Antonio Fontana

B.A. in Political Science and History, CUNY Brooklyn College, 2010

M.A in Liberal Studies with an emphasis in Modern Intellectual History, CUNY Graduate Center, 2012

 

Antonio is originally from Brooklyn and started the program in the fall of 2016. He is particularly interested in 19th and 20th century German Romantic and English Victorian literature. Specifically, he is interested in the aestheticisation of political violence and political terror in Germany and Europe during WWII, and processes of political, social, and cultural dehumanization and their relation to aesthetics, aesthetic theory, and art. He is also interested in post-colonial theory and critical race theory, as well as neo-and post-Marxian analyses of literature and art. He is also a Graduate Assistant.
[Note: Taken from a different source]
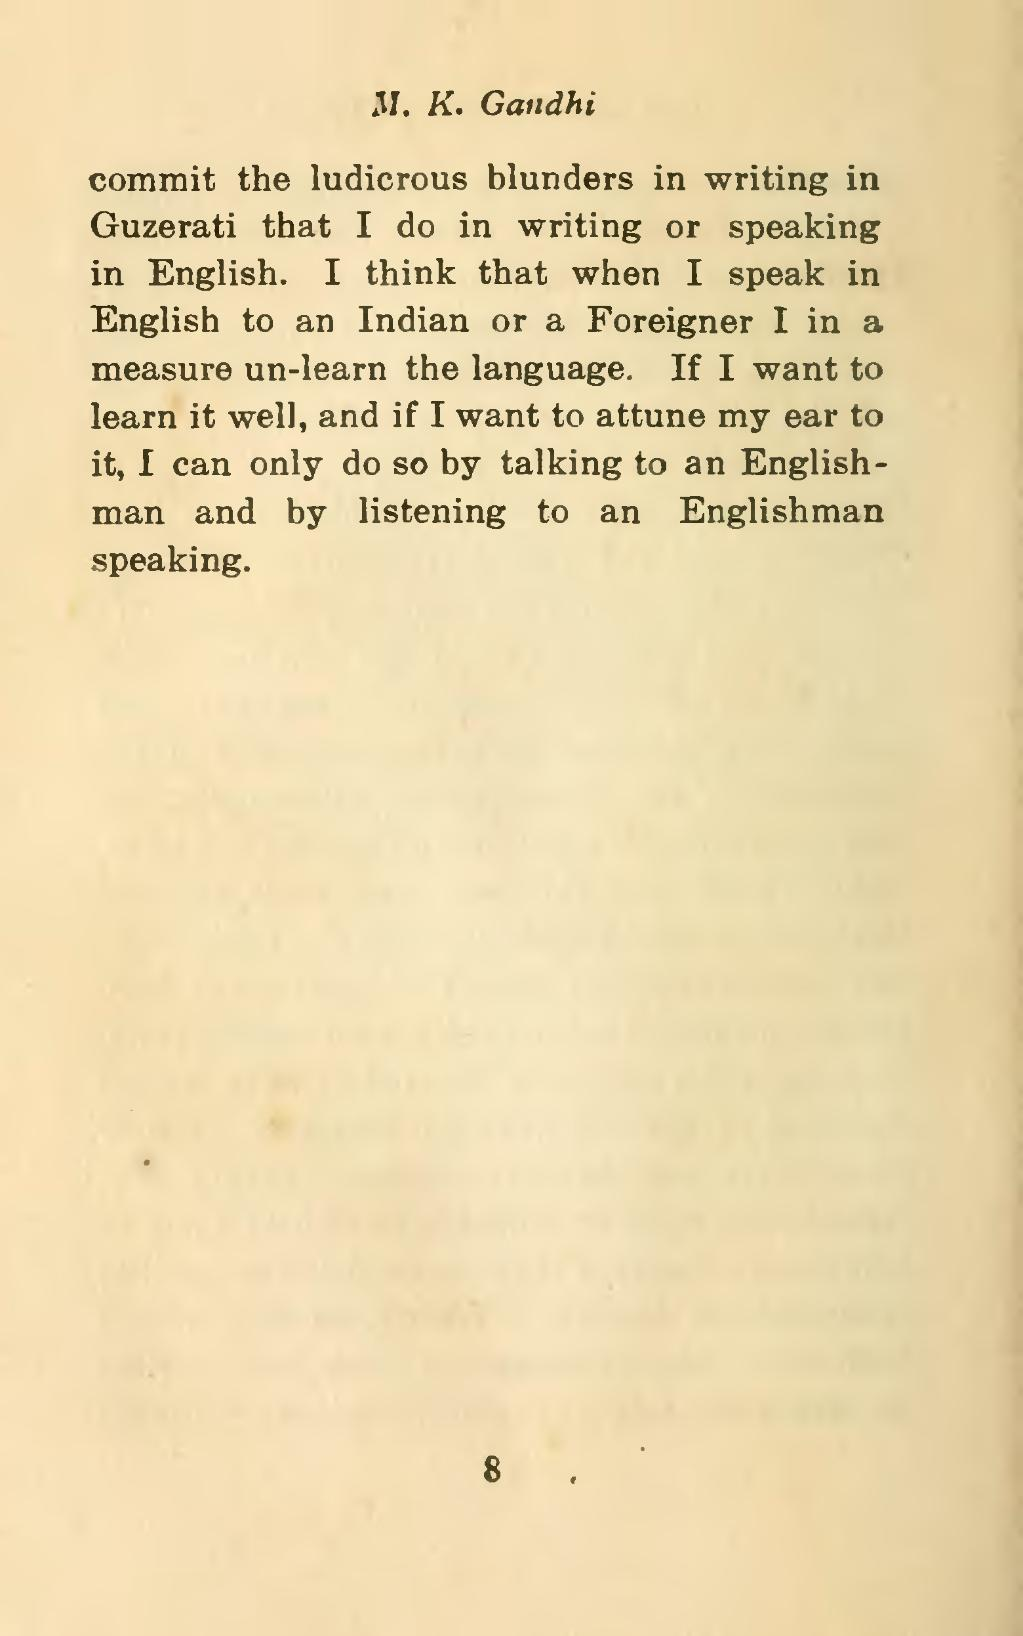 mahatma gandhi information in english speech

He is addicted to coffee, reading, writing, and watching re-runs of Smallville, and is a huge animal lover. He is also a fan of classical music and opera, and his favorite composers are Beethoven, Brahms, and Wagner. When not constantly thinking about schoolwork, he enjoys listening to Rachmaninov and Chopin at full blast on the stereo.

Antonio will also be presenting a paper in late May at the Keats Foundation Conference at the Keats House, in London, as well as presenting at a roundtable discussion on cultural mobilities in around the Mediterranean at the MLA in January of 2018.